Information supplied:
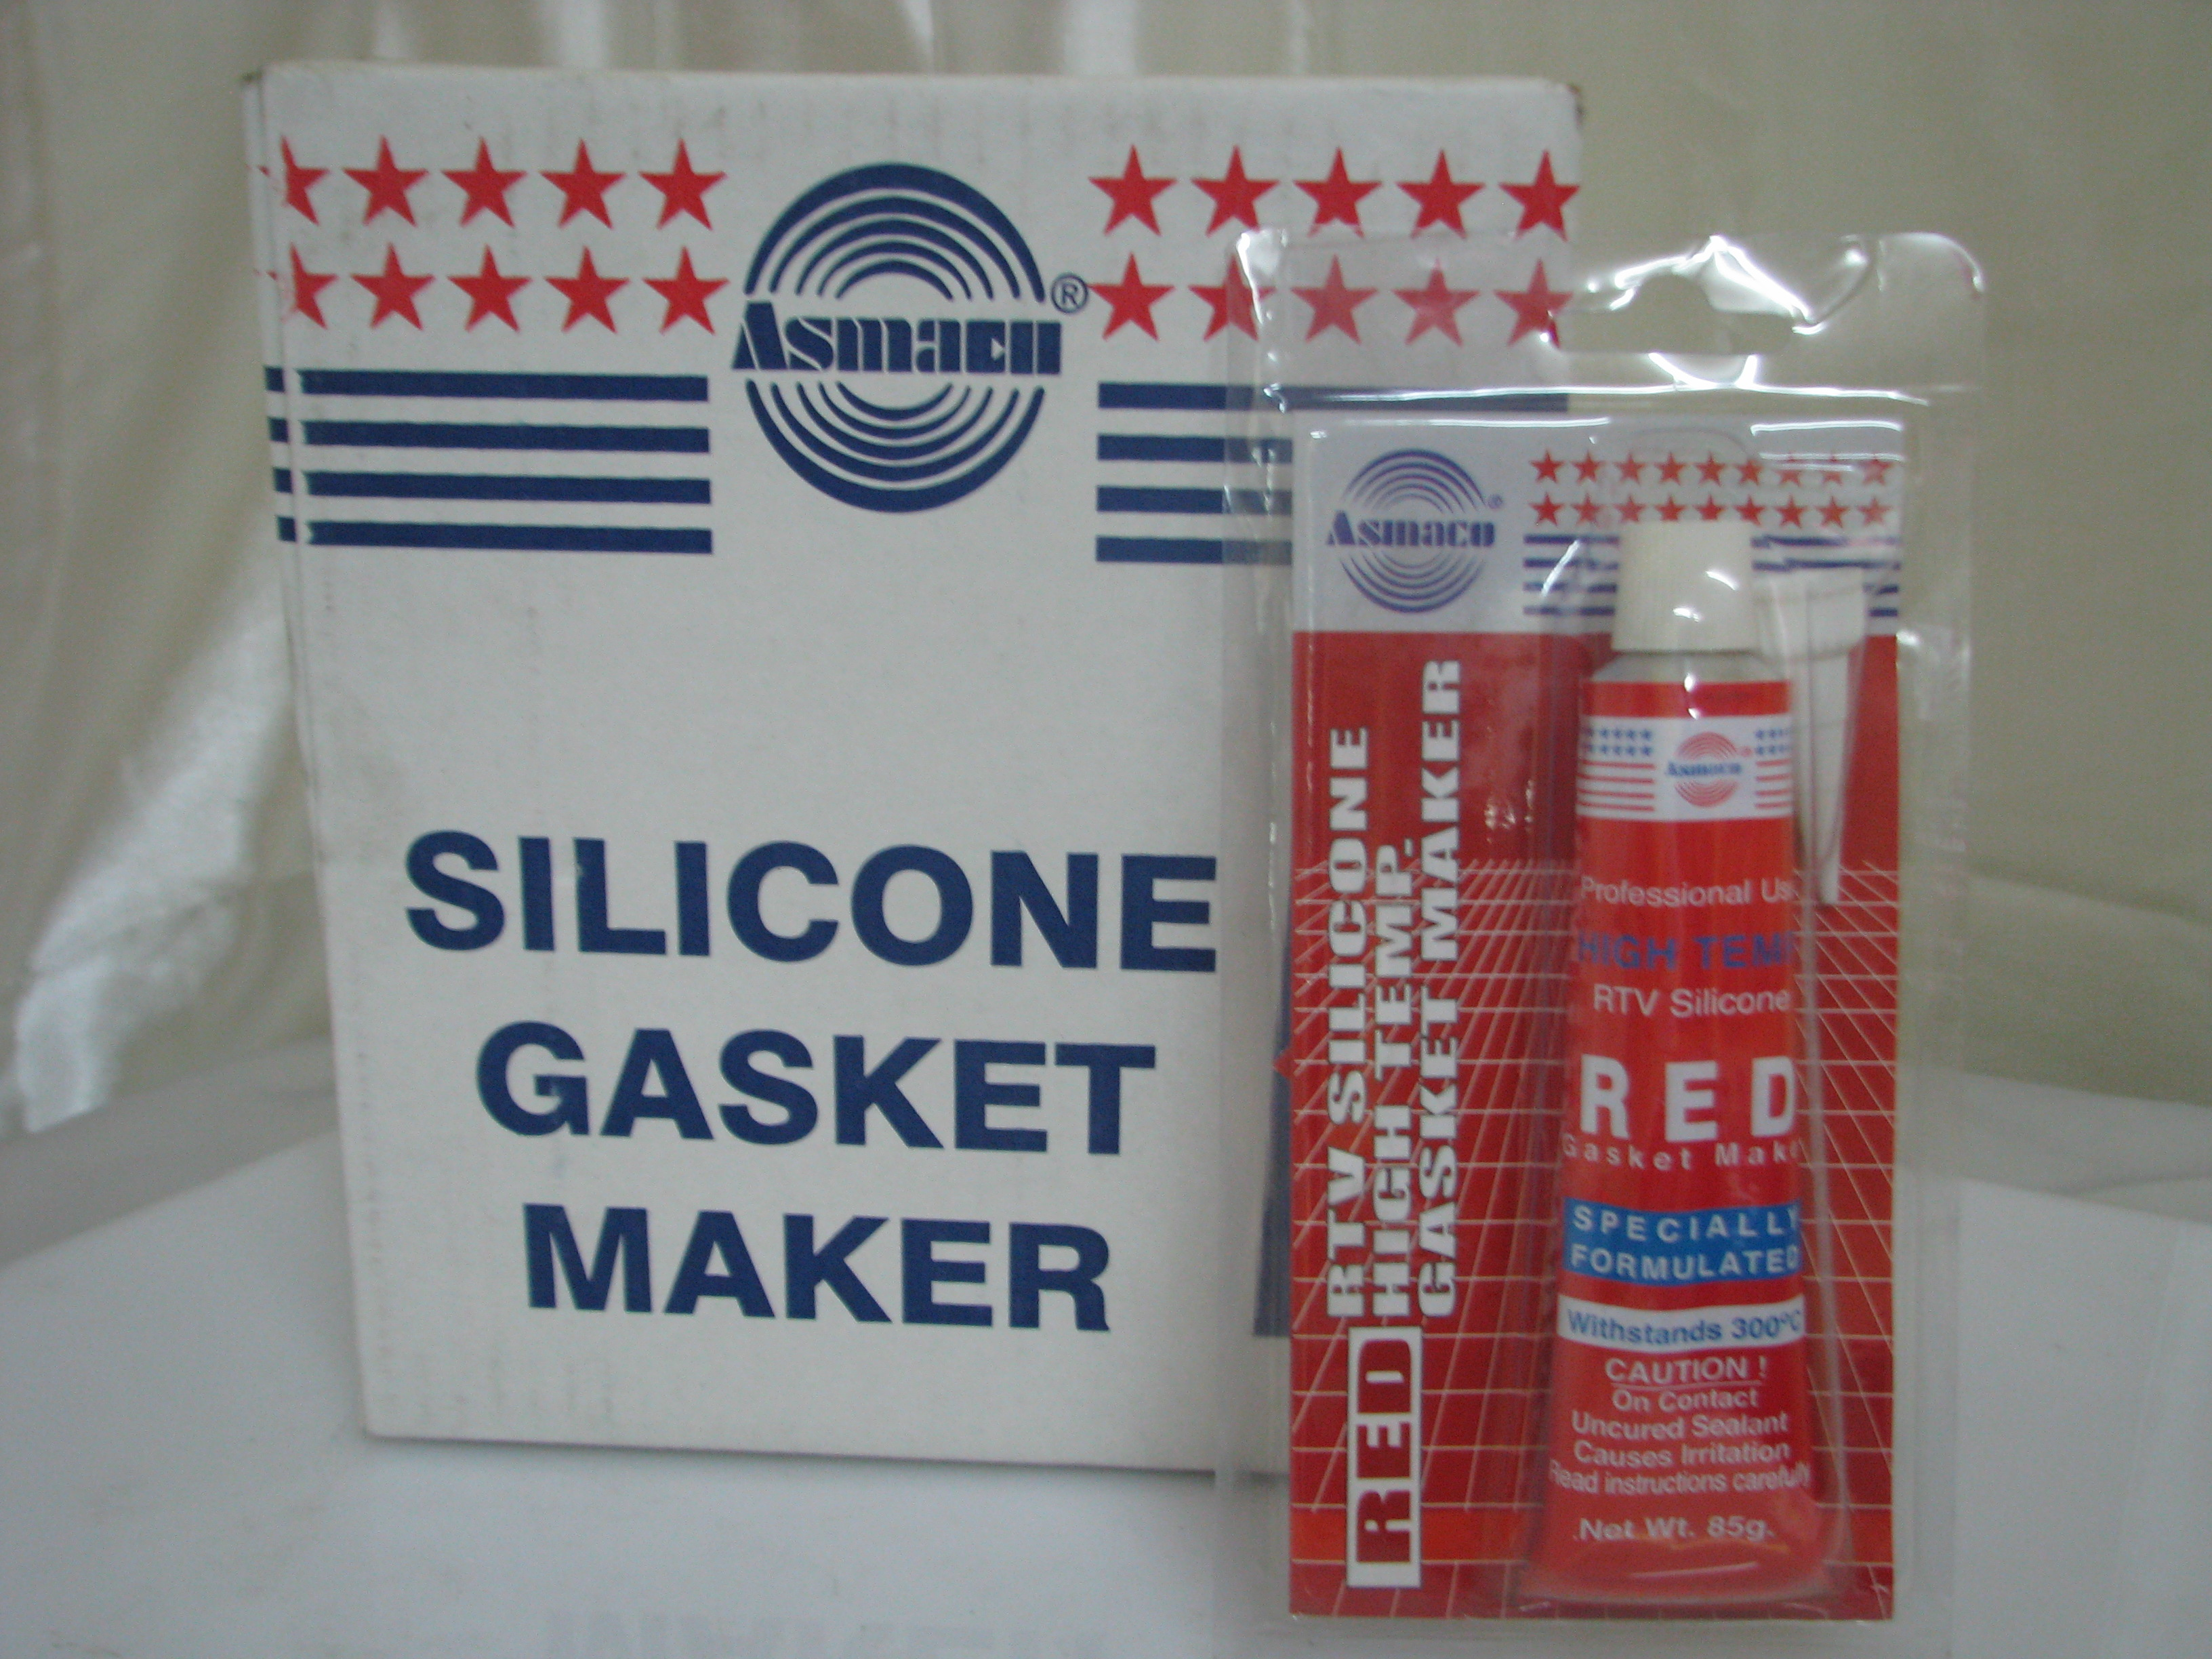 gasket maker. asmaco gasket maker - 85 gms
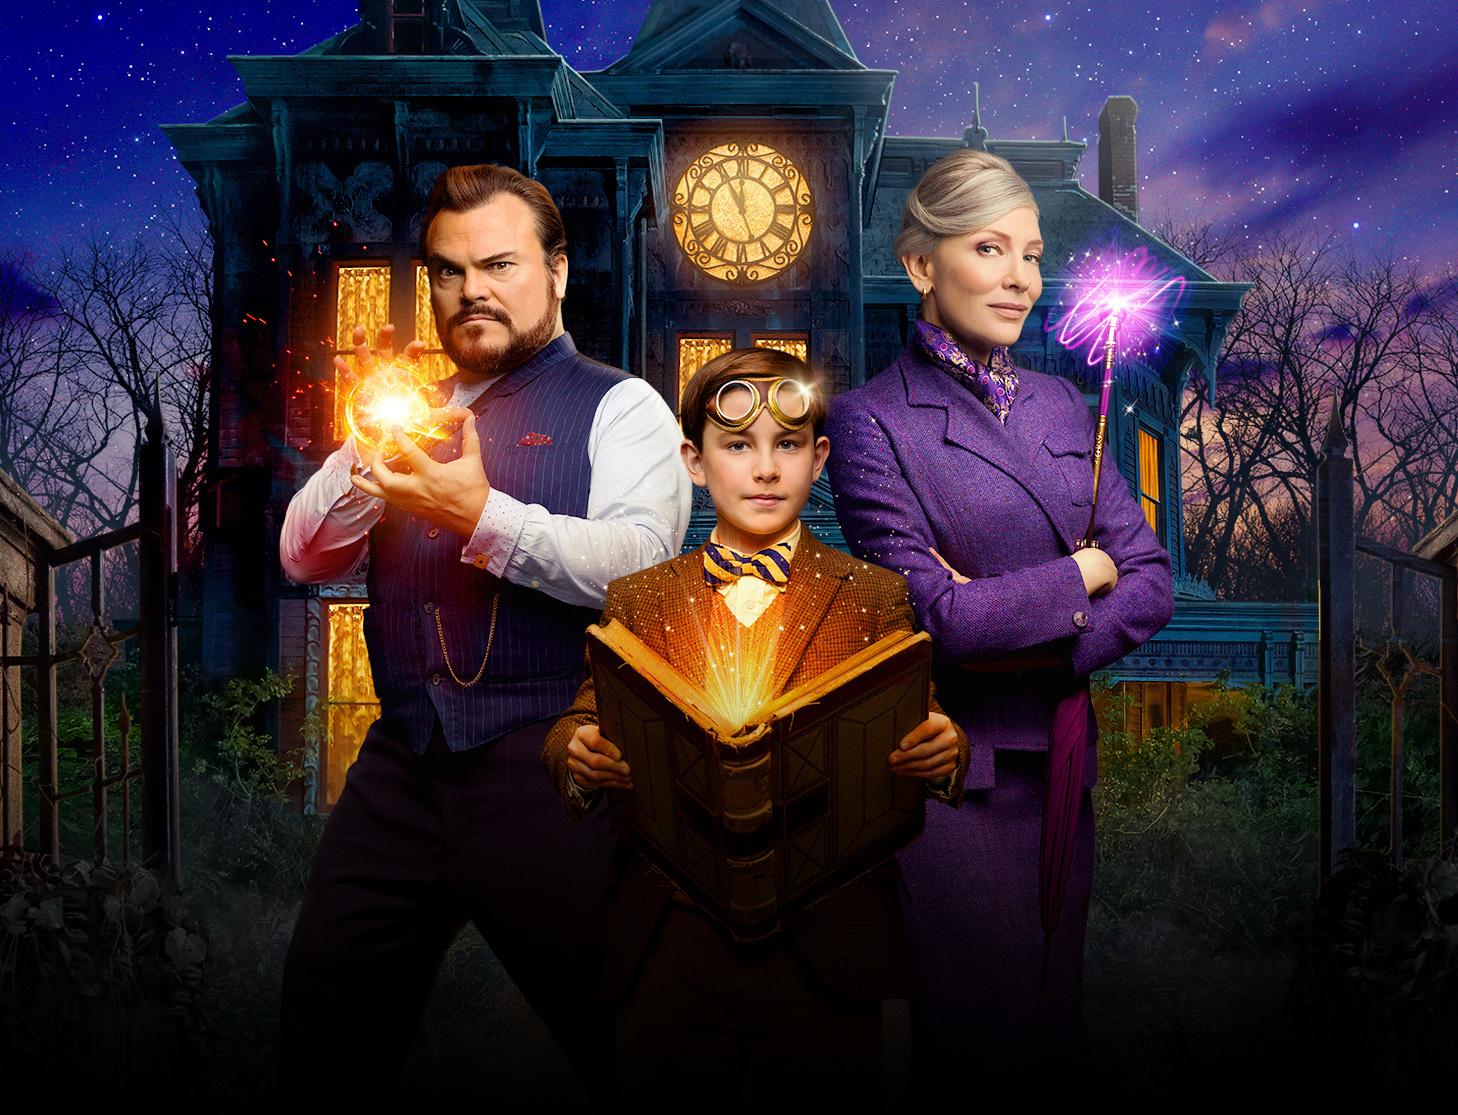 O Mistério do Relógio na Parede estreia em 1º lugar na América do Norte
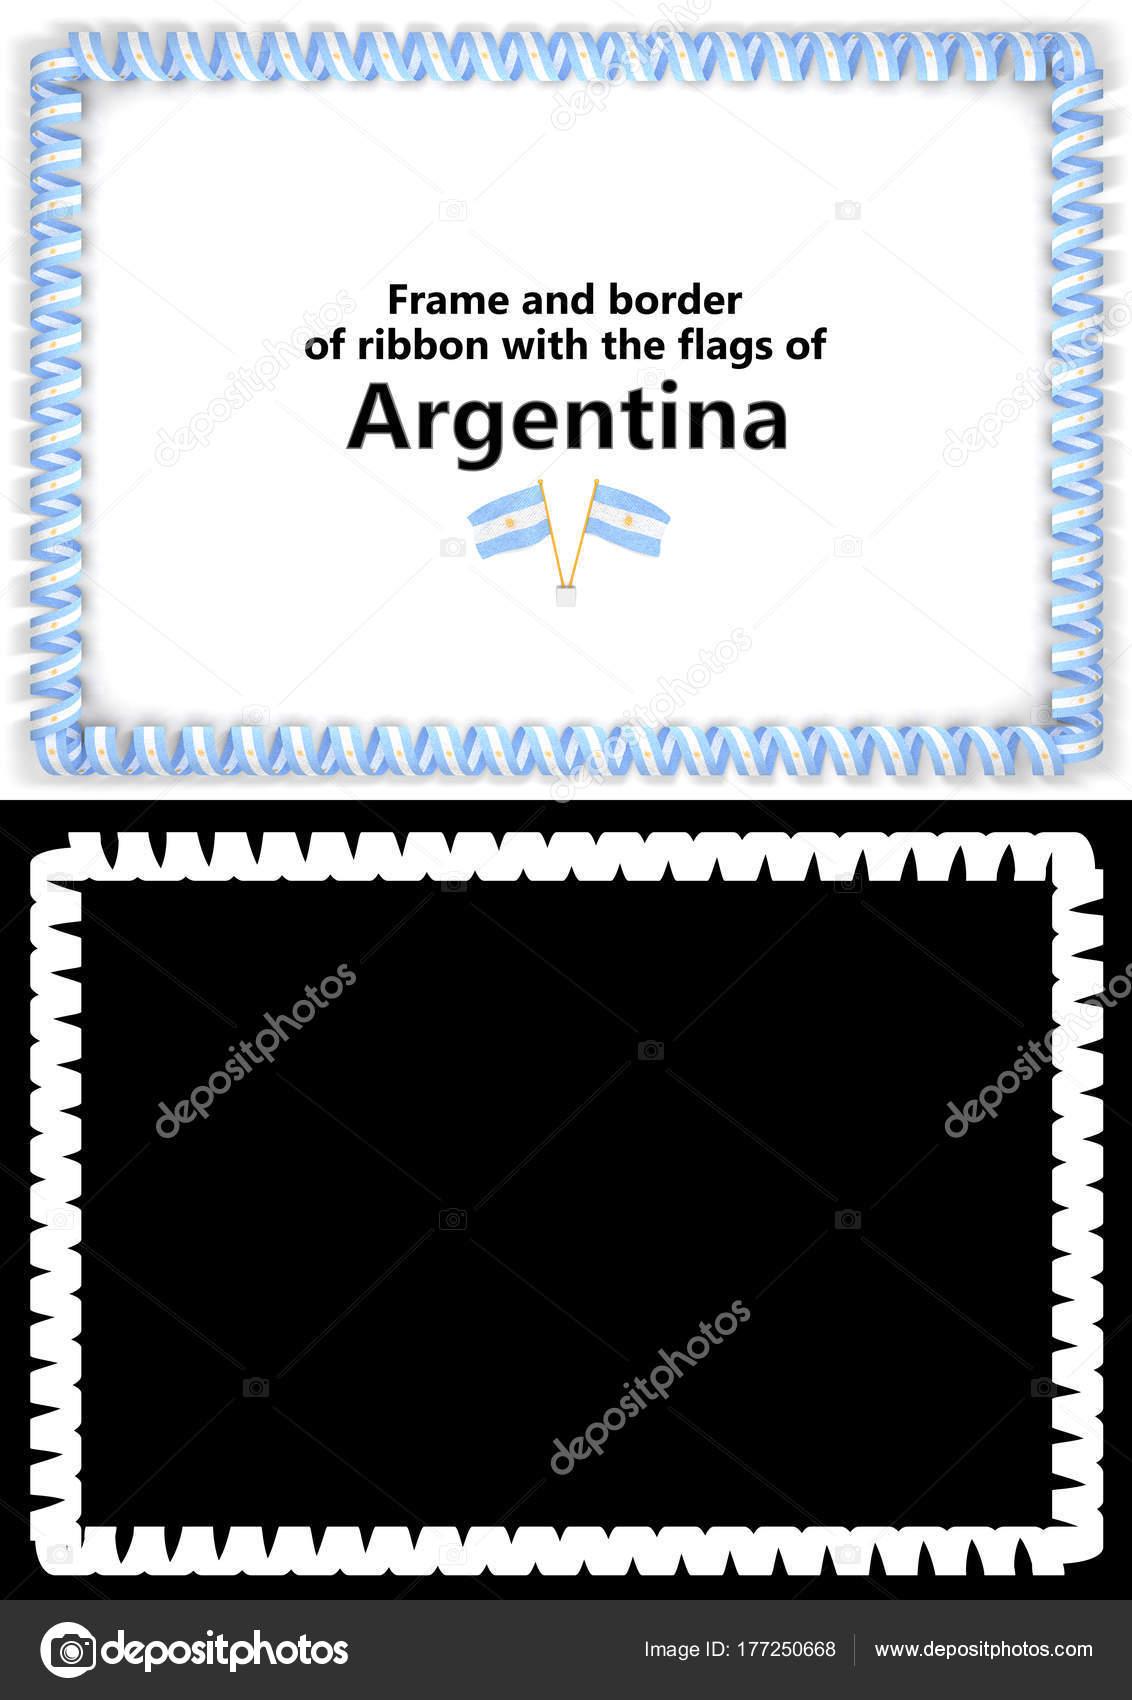 Rahmen und Rand des Bandes mit der Argentinien-Flagge für ...

Activity:
Reproduce the data above in full, exactly as it is, with the pictures left out.

Response below:
 gasket maker. asmaco gasket maker - 85 gms
 O Mistério do Relógio na Parede estreia em 1º lugar na América do Norte
 Rahmen und Rand des Bandes mit der Argentinien-Flagge für ...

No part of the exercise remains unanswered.